# Lorex Security Cameras



## jwarren2584

We have a Lorex L14Q684C cctv security system in place here at work. When I first installed the system I had no problems viewing the cameras remotely, either across the network or from home. As of about 2 months ago I was no longer able to view them from a web page. Previously, all we had to do was type in the static IP address that was set up for them and the page would come up. I have since shut down the system, tried resetting it to default and starting over but to no avail. I have made sure that nothing has changed on the router, everything seems to check out fine. Any suggestions would be great.

Thanks in advance!


----------



## UKenshin

I have a few questions for you?
How is it routed? Modem make and model? Router make and model?
Can you still access it on the internal network with either a web browser or the supplied program?


----------



## jwarren2584

It is routed through a Netgear FVS318v3 Router. Everything on our network talks through this router. Our modem is an Adtron T1 from Logix(T1 provider). We are unable to browse to the cameras from anywhere, not here locally or remotely. Even the supplied program does not pick it up.


----------



## romaxauto

Did you happen to change your screen saver lately?
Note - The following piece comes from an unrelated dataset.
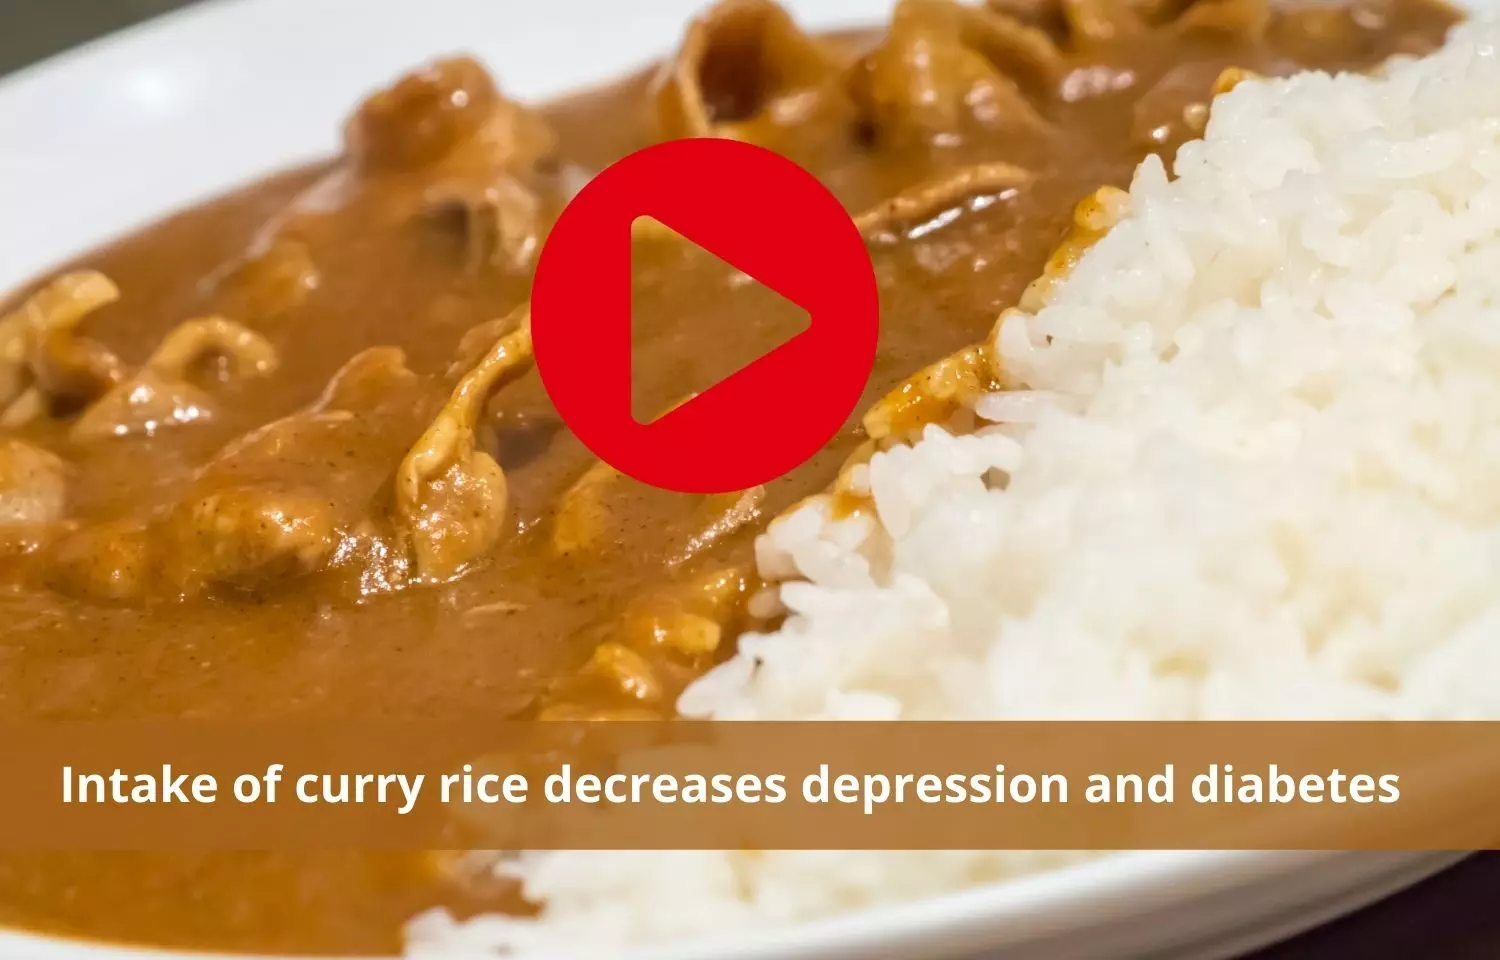 Curry rice in diet to decrease depression and diabetes

We had done this awhile back and never thought it would shut down our remote view capability, but it did.It took hours and hours of trying different things and contacting support at Lorex to no avail.My wife finally "clicked" and turfed the new screensaver (photos of our grandchildren) and all was well again.


----------



## droppedsubar

trying to do a repair on a Lorex LH110 Eco. the customer states that he has no color display on the cameras inside the bar, but the cameras outside work just fine and are in perfect color. any suggestions?

thanks

J


----------



## Wand3r3r

Thanks for the comments but this thread is old and will now be closed.


----------